I tried to create about 5 thousand concurrent clients (non stop sending of data from server to client) connected to my glassfish websocket server. (CPU: Double-Core, 8 GB RAM)
After about 2500 clients were connected the connection time was about 67(!) seconds and I was not able to connect more clients cause of TimeOutException
.
Some facts:
- Thread Pool max size was set to 12.000.
- At the time of first TimeoutException I had 2500 clients and about 2450 Threads. So we speak here about one thread per connection.
- It is not a memory issue!
Then a wrote two simple Websocket Proxy Server in Node.js an golang to handle websocket connections. The data exchange between Proxy Server and glassfish server happen over simple Websocket connection.
Now I was able to create over 5 thousand concurrent clients without problems. The same issue I had with Wildfly 8 and Tomcat 8. Here is the evaluation:
Now my question.
Tyrus is the implementation of Websocket protocol in glassfish and uses java.nio
library under the hood for non blocking I/O.
So why it has anyway so poor scalability? Or why is the scalability so different. I mean I see no advantages of java.nio
P.S. just scheduling overhead?
EDIT: How to reproduce the issue
Client software for creating and connecting Clients and the Websocket Server are on different PCs.

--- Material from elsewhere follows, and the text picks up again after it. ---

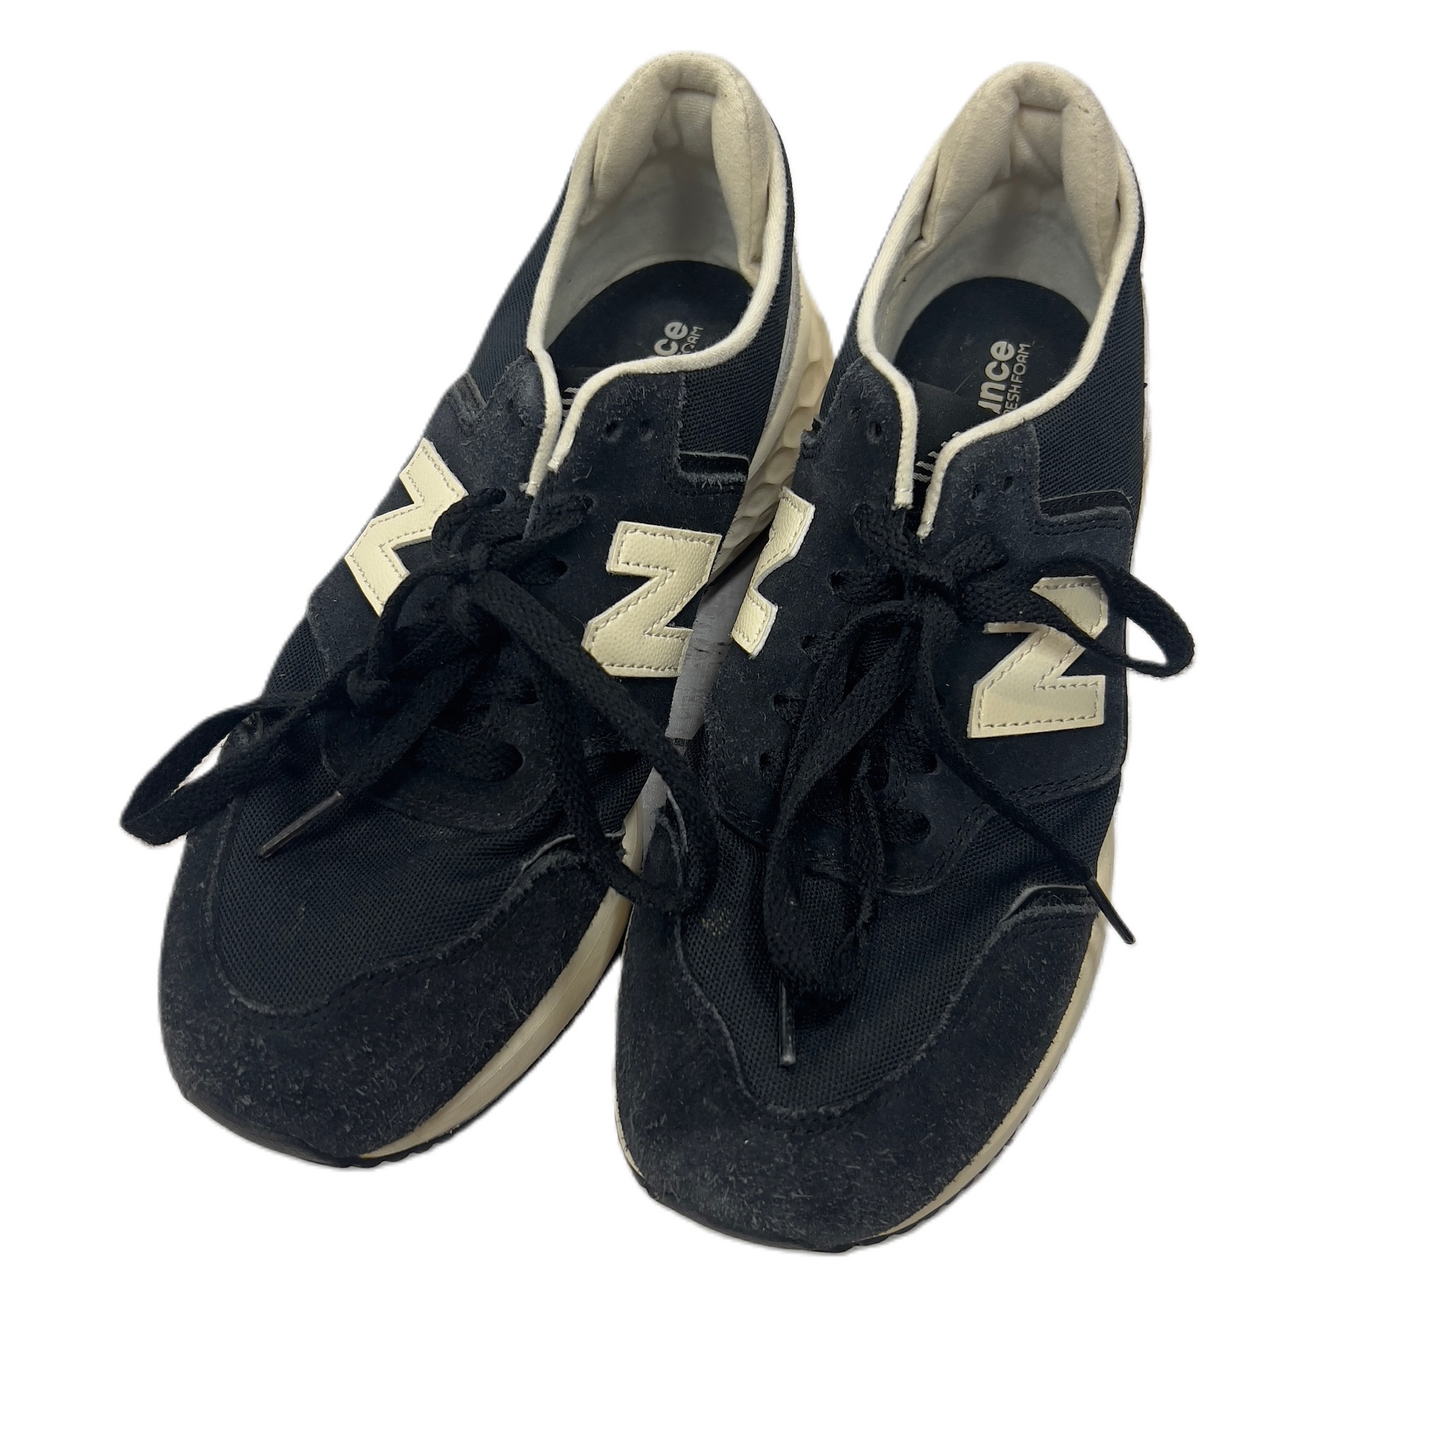 Black Shoes Athletic By New Balance, Size: 8.5

- Start a glassfish simple echo websocket server. There are about 76 active glassfish threads.
- now connect 2000 clients without initiating any communication, just connect to the server - Idle mode. In my case it there was no problem to do it. Since all clients were connected there were about 80 active threads. Nearly unchanged.
- Using a
Timer
let all your 2000 clients start communication with the websocket server simultaneously. You will notice the amount of threads is now about 2019. The response time is about 6.5 seconds. - Finally try to connect the next 500 clients. The first TimeoutException will occur. Only few clients will be connected.
- Stop simultaneously communication.